Spatial distribution of ROC scores for the six sets of experiments: a 1°, b 2°, c 3°, d 1° + 12 h, e 1° + 24 h and f 1° + 48 h

Fig. 5
figure 5

Spatial distribution of mean precipitation (in mm) calculated from: a observations, b 1° experiment and c 1° + 48 h experiment

A direct comparison between the mean observed rainfall distribution (Fig. 5a) and the predicted fields (Fig. 5b, c) reveals that the model underestimates precipitation across the domain. However, the mean spatial distribution of the forecast fields resembles the observations, except in high mountainous ranges of east Andalusia where the artificial orographic effect in the model is obvious. Comparing Figs. 4 and 5, it is evident that a direct relationship between model skill expressed in terms of ROC score and in terms of the average precipitation can not be established. For instance, higher ROC scores are found in western Andalusia than in the Aitana range area, but the event-average precipitation is better in the second zone. A detailed analysis of the results reveals that the day-by-day agreement between model and observations in western Andalusia is quite good, except for a systematic underforecast of rainfall amounts. In contrast, a higher variability in the daily performance of the model is obtained in the Aitana range area, with a great proportion of observed extreme daily rainfall values that the model is not able to reproduce—thus lowering probability of detection—and, on the opposite, some simulated daily values significantly above observations, contributing to increase false alarm rates.
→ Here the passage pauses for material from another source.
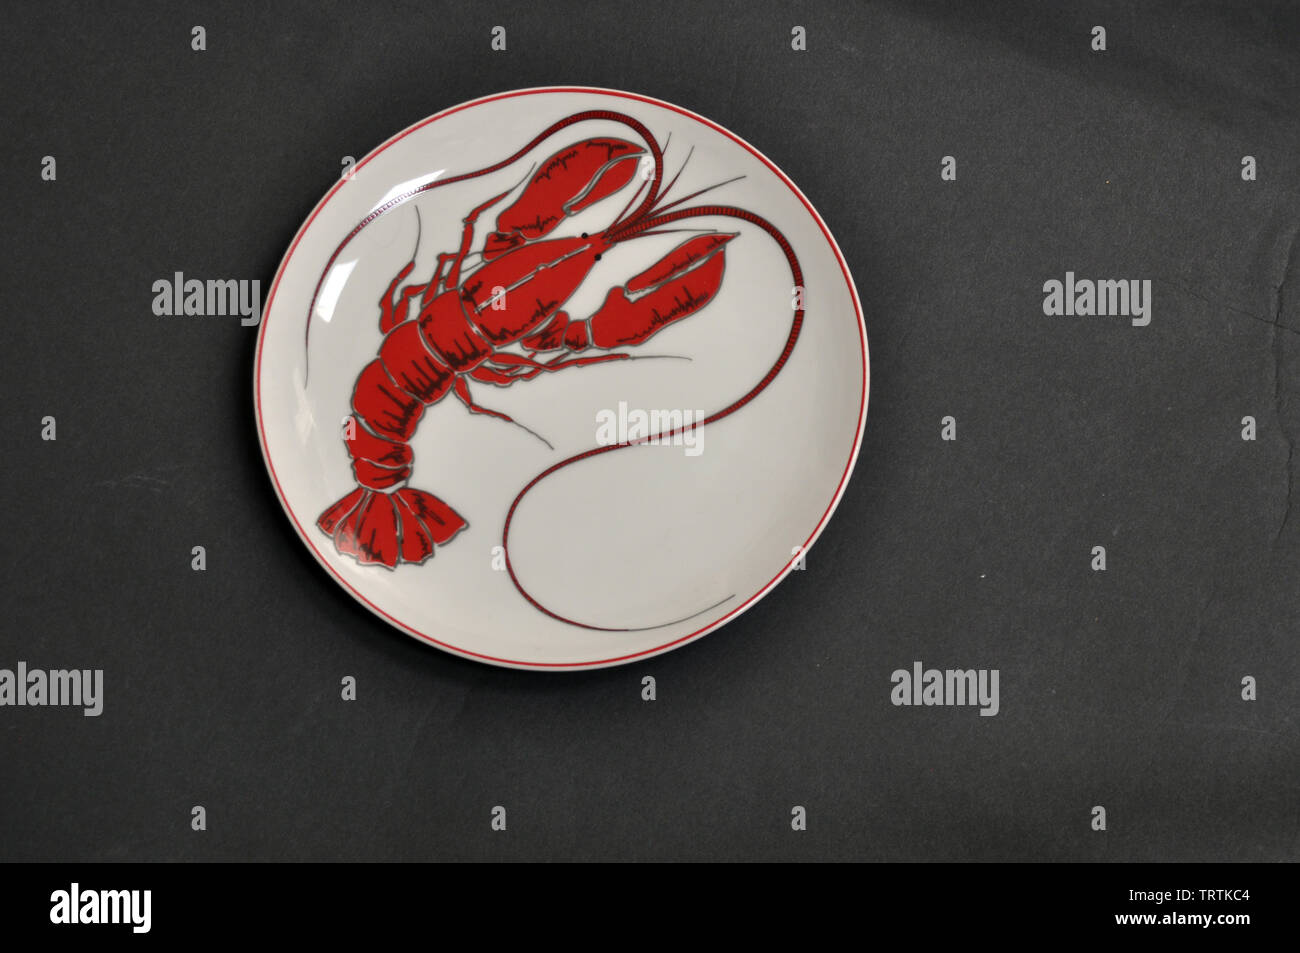 Plato de cena blanca redonda, con una imagen de langosta y ribetes rojos Foto de stock

The results for the six sets of experiments (Fig. 4) reveal only slight differences among their performance when the spatial resolution is changed or the boundary conditions are 12 h apart. Degradation is clearly visible for the 1° + 24 and 1° + 48 h experiments as it was globally observed in last section for the Mediterranean Spain (Table 2). This general decrease in ROC scores is partially attributable to the weaker average precipitation amounts obtained as the boundary conditions update frequency decreases (see Fig. 5c for 1° + 48 h mean precipitation). Regarding the spatial distribution of ROC values, the degradation of the areal-averaged ROC score for 1° + 24 and 1° + 48 h experiments is also observed in many subareas, particularly over Catalonia and most of Andalusia (Fig. 4e, f).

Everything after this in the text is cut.